The impact is visible on business performance too. Other research shows the effects of financial presenteeism, where employees turning up for work but struggling
to concentrate because of money worries. As well as high levels of absence linked to financial stress,
around half
of those surveyed admitted they were distracted on the job for this reason.
The situation is worsened by household debt levels – UK household debt now stands at
117% of disposable
income, while
one-in-four
people in the UK have low financial resilience, which means they either have missed payments, are struggling to pay off debts or don’t have savings to help them. At the same time, UK households’
total interest payments on personal debt across the country were estimated at
£85.5 billion for the 12 months to July 2025.
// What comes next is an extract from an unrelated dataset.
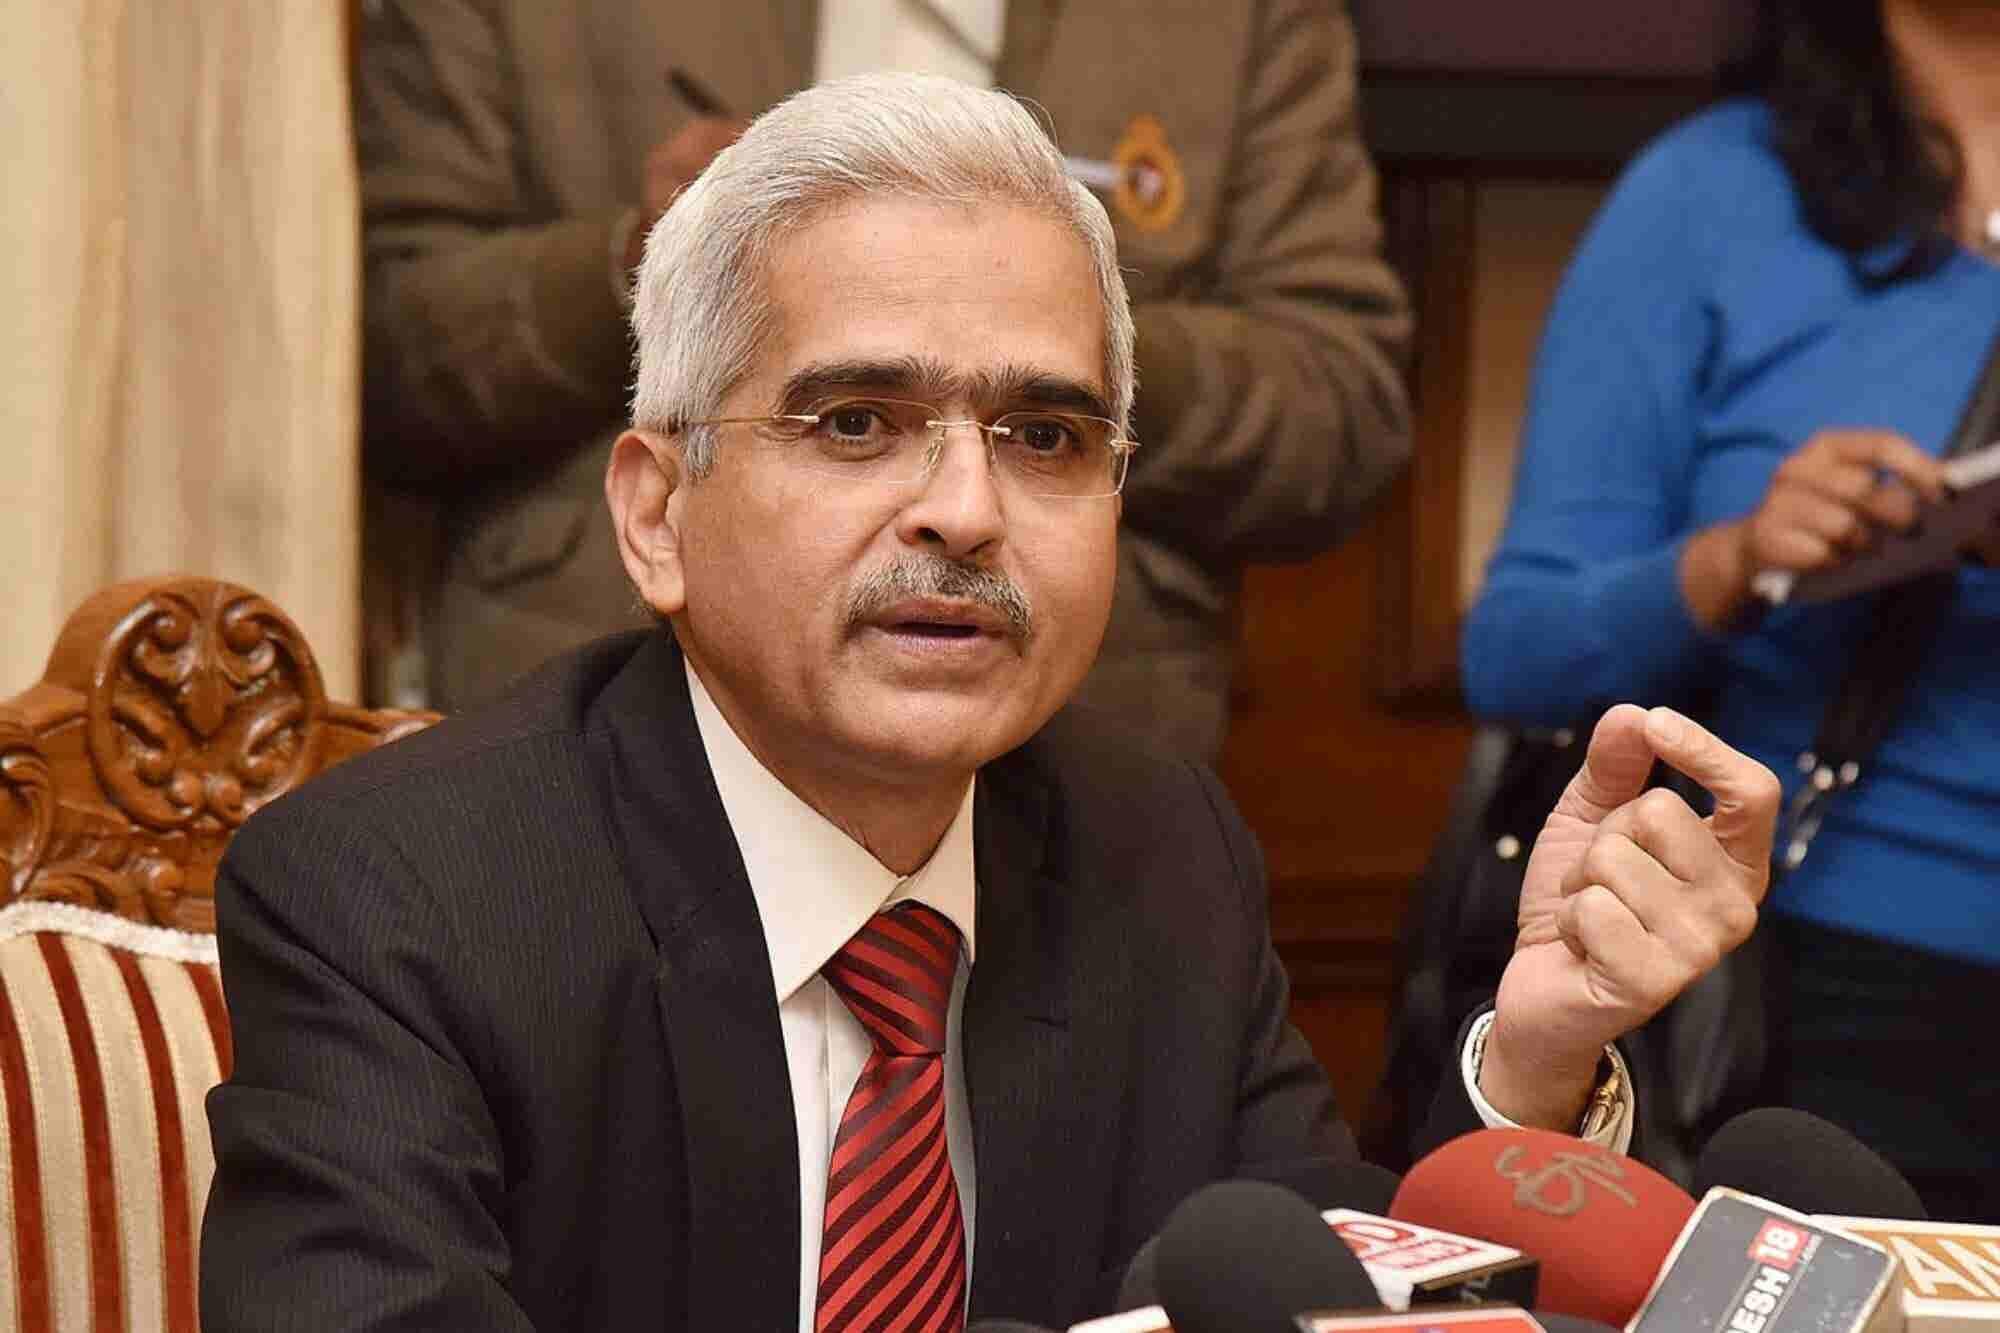 RBI to Consider Viability of MSME Loan Restructuring, Says Shaktikanta Das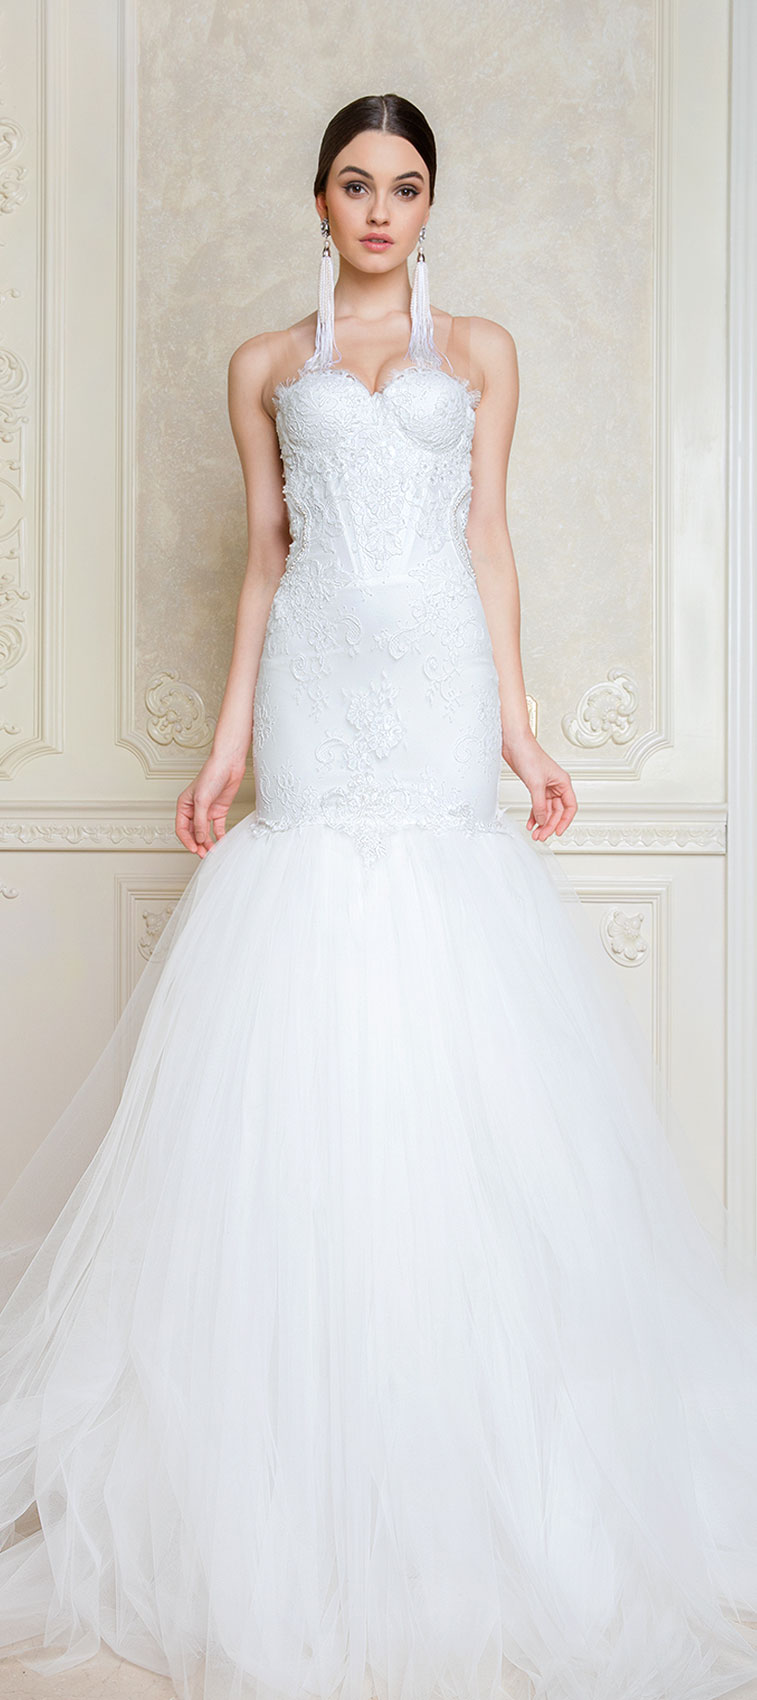 Sheer illusion tulle low back layered tulle trumpet wedding dress : Musat - Midsummer Dream Bridal Collection #weddingdress #weddinggown #weddingdresses #bridedress

That works out to an average of about £2,975 per household in interest.
In such conditions, the monthly pay system forces many employees to turn to overdrafts, high-interest credit or payday loans just to cover essentials between
paydays.
What employees actually want
In recent years, some employers have turned to earned wage access (EWA), which lets employees access part of the pay they’ve already earned before payday.
It can ease the pressure of short-term cash flow and reduce the need for high-interest credit. However this has traditionally been something individuals must pay for in order to benefit from, which can be counterproductive. So while real-time access to pay
does deliver financial wellbeing, charging those employees for access, which may help someone financially excluded to cover emergencies, doesn’t address the root cause of financial wellbeing issues. The key here is for financial leaders to rethink how pay
is structured, delivered and supported.
As a result, flexibility and control matter more than ever. While salary is the most important factor for
72% of
workers, when employers can’t deliver enough of it, they should instead seek cost-effective alternatives such as more flexible financial benefits – real-time pay, automated savings or cashback
rewards. Financial wellbeing is now considered the most critical focus for benefits, with
65%
of employees viewing it as very important, compared with 53% in 2022.
Organisations stand to benefit materially from this, strengthening their business performance. As a result, they see lower turnover, as a more engaged workforce
is a more productive team. In addition, reduced time spent by payroll teams on administrative firefighting frees them to act as strategic partners to HR and finance.
At the same time, financial wellbeing directly impacts retention issues.
PwC
reports that 73% of financially stressed employees say they would be attracted to another employer that cares more about their financial wellbeing. Therefore, companies that offer modernised
solutions can differentiate themselves not just on salary, but on the quality of the overall employment experience.
Rethinking pay for the modern economy
Payroll is quickly becoming a lever of engagement, wellbeing and competitiveness. Modern approaches, whether through real-time pay options, automated savings
or integrated rewards, show that flexibility is possible without compromising compliance or cashflow.
Monthly pay is a system optimised to reduce corporate admin, to the detriment of employee productivity. Delivering regular pay via third party providers
offers the best of both worlds. Today’s employees live in an economy of instant access and real-time services. If pay lags behind, businesses will continue to pay the price in lost productivity, higher attrition and disengagement.
Finance and HR leaders have a choice. They can continue with rigid cycles that force staff into debt and undermine performance. Or they can embrace payroll
as a strategic tool, offering employees greater control and security. This move will define the winning organisations of tomorrow.